__Task instructions__:
Using the entries that follow, write out the line containing "Jasper Conran for", the line containing "dsm v pdf espanol descargar", and every line between them, exactly and nothing else.

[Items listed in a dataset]
^^^^^^^^
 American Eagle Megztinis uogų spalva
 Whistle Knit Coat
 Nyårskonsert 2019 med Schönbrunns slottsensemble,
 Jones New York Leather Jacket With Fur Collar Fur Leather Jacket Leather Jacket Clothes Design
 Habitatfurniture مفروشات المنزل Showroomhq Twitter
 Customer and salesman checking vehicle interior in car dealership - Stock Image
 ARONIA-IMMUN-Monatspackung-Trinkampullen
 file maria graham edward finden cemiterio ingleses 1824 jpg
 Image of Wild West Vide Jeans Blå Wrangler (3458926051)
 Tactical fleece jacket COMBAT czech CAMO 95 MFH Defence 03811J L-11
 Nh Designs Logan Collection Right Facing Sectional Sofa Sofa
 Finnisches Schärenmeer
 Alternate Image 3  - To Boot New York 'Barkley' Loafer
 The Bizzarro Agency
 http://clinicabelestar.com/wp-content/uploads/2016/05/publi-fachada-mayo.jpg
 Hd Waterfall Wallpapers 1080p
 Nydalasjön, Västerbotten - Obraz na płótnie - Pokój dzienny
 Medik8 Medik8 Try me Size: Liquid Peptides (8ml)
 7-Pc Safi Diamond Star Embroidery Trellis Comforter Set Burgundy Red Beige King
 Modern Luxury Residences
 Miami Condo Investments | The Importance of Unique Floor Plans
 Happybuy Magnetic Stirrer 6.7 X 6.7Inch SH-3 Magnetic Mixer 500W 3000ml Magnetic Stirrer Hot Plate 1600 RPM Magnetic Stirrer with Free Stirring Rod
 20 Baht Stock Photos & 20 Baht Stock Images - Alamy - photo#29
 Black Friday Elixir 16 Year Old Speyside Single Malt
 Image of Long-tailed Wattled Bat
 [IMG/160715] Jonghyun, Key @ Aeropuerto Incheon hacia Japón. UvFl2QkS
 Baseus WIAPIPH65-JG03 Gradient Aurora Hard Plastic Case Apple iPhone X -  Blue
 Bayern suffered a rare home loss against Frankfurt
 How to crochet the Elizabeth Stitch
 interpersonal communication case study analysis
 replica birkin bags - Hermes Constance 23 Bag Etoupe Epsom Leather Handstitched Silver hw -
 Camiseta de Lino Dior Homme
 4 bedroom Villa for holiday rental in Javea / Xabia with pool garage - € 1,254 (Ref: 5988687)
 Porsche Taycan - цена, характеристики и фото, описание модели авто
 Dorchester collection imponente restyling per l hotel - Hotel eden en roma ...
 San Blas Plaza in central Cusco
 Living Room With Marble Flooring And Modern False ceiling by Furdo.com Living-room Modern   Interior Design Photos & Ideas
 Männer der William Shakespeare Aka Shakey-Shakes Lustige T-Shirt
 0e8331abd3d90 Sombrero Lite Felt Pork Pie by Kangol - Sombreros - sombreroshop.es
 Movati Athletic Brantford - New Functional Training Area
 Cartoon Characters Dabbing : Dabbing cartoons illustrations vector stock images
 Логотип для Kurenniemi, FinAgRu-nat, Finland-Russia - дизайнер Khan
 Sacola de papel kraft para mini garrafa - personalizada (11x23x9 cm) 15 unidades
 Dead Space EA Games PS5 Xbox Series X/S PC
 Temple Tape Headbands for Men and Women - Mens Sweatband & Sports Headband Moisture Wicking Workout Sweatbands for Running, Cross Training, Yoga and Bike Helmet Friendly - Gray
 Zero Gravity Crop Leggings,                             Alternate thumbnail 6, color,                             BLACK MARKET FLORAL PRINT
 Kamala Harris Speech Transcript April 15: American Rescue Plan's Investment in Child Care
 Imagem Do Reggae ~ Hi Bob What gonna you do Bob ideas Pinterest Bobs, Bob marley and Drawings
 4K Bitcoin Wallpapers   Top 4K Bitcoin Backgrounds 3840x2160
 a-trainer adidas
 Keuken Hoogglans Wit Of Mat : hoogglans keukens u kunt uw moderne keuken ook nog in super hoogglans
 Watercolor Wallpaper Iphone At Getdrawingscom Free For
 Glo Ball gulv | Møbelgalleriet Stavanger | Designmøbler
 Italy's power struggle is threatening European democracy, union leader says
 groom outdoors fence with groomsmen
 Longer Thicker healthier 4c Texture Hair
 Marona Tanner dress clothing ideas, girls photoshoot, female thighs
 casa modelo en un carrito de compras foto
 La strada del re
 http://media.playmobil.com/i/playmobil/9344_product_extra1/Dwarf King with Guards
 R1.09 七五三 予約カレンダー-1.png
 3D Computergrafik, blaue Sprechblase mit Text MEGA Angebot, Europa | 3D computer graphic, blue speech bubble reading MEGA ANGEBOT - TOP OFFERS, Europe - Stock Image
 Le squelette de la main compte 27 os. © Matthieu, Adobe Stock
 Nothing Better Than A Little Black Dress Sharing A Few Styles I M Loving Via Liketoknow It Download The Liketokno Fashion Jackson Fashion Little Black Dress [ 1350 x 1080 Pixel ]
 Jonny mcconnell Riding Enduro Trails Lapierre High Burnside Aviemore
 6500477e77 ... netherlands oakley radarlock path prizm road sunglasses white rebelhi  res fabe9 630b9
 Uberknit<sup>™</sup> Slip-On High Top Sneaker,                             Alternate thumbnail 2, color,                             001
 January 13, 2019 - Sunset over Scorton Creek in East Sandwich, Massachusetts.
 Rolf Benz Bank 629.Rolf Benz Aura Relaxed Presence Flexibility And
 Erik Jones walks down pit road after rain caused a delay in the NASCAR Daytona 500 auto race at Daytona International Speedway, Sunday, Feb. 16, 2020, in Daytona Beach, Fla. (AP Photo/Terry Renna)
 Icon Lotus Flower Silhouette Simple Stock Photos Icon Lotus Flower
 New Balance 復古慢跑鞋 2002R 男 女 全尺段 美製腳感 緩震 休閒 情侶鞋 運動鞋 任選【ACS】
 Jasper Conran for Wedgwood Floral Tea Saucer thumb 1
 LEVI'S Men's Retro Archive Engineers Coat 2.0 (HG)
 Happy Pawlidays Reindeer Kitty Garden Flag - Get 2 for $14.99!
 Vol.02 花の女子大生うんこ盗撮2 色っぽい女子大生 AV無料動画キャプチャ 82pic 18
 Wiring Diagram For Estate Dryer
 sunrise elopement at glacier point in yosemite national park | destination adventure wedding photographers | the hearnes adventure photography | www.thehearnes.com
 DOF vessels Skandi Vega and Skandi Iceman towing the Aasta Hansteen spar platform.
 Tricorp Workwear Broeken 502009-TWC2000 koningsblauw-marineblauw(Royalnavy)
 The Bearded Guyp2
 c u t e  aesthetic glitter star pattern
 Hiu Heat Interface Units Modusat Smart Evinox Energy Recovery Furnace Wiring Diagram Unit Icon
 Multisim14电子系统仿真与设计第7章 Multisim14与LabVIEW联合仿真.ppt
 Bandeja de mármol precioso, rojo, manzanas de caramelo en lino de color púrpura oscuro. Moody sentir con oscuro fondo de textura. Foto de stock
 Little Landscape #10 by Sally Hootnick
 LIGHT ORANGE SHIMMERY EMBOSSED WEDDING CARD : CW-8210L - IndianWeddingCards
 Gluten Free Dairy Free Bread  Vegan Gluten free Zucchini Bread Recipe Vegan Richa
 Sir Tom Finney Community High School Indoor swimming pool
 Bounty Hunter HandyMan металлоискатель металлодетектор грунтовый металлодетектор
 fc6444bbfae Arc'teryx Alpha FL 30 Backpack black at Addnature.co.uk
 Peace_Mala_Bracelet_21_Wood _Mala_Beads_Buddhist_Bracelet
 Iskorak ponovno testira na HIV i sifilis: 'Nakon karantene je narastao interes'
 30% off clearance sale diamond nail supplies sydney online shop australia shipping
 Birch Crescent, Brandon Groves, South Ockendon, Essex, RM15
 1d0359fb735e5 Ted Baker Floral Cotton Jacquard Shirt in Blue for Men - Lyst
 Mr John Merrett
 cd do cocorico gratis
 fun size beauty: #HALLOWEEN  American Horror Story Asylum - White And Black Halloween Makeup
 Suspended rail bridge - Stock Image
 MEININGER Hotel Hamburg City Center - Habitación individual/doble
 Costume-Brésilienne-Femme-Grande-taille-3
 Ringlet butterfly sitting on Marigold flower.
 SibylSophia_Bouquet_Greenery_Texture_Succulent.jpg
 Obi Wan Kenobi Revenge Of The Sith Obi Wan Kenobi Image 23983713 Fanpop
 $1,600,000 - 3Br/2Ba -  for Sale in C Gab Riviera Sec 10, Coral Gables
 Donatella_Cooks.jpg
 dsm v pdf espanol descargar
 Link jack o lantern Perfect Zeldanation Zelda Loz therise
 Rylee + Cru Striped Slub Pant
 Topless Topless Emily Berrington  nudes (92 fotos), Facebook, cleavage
^^^^^^^^
__Solution for this exercise__:
 Jasper Conran for Wedgwood Floral Tea Saucer thumb 1
 LEVI'S Men's Retro Archive Engineers Coat 2.0 (HG)
 Happy Pawlidays Reindeer Kitty Garden Flag - Get 2 for $14.99!
 Vol.02 花の女子大生うんこ盗撮2 色っぽい女子大生 AV無料動画キャプチャ 82pic 18
 Wiring Diagram For Estate Dryer
 sunrise elopement at glacier point in yosemite national park | destination adventure wedding photographers | the hearnes adventure photography | www.thehearnes.com
 DOF vessels Skandi Vega and Skandi Iceman towing the Aasta Hansteen spar platform.
 Tricorp Workwear Broeken 502009-TWC2000 koningsblauw-marineblauw(Royalnavy)
 The Bearded Guyp2
 c u t e  aesthetic glitter star pattern
 Hiu Heat Interface Units Modusat Smart Evinox Energy Recovery Furnace Wiring Diagram Unit Icon
 Multisim14电子系统仿真与设计第7章 Multisim14与LabVIEW联合仿真.ppt
 Bandeja de mármol precioso, rojo, manzanas de caramelo en lino de color púrpura oscuro. Moody sentir con oscuro fondo de textura. Foto de stock
 Little Landscape #10 by Sally Hootnick
 LIGHT ORANGE SHIMMERY EMBOSSED WEDDING CARD : CW-8210L - IndianWeddingCards
 Gluten Free Dairy Free Bread  Vegan Gluten free Zucchini Bread Recipe Vegan Richa
 Sir Tom Finney Community High School Indoor swimming pool
 Bounty Hunter HandyMan металлоискатель металлодетектор грунтовый металлодетектор
 fc6444bbfae Arc'teryx Alpha FL 30 Backpack black at Addnature.co.uk
 Peace_Mala_Bracelet_21_Wood _Mala_Beads_Buddhist_Bracelet
 Iskorak ponovno testira na HIV i sifilis: 'Nakon karantene je narastao interes'
 30% off clearance sale diamond nail supplies sydney online shop australia shipping
 Birch Crescent, Brandon Groves, South Ockendon, Essex, RM15
 1d0359fb735e5 Ted Baker Floral Cotton Jacquard Shirt in Blue for Men - Lyst
 Mr John Merrett
 cd do cocorico gratis
 fun size beauty: #HALLOWEEN  American Horror Story Asylum - White And Black Halloween Makeup
 Suspended rail bridge - Stock Image
 MEININGER Hotel Hamburg City Center - Habitación individual/doble
 Costume-Brésilienne-Femme-Grande-taille-3
 Ringlet butterfly sitting on Marigold flower.
 SibylSophia_Bouquet_Greenery_Texture_Succulent.jpg
 Obi Wan Kenobi Revenge Of The Sith Obi Wan Kenobi Image 23983713 Fanpop
 $1,600,000 - 3Br/2Ba -  for Sale in C Gab Riviera Sec 10, Coral Gables
 Donatella_Cooks.jpg
 dsm v pdf espanol descargar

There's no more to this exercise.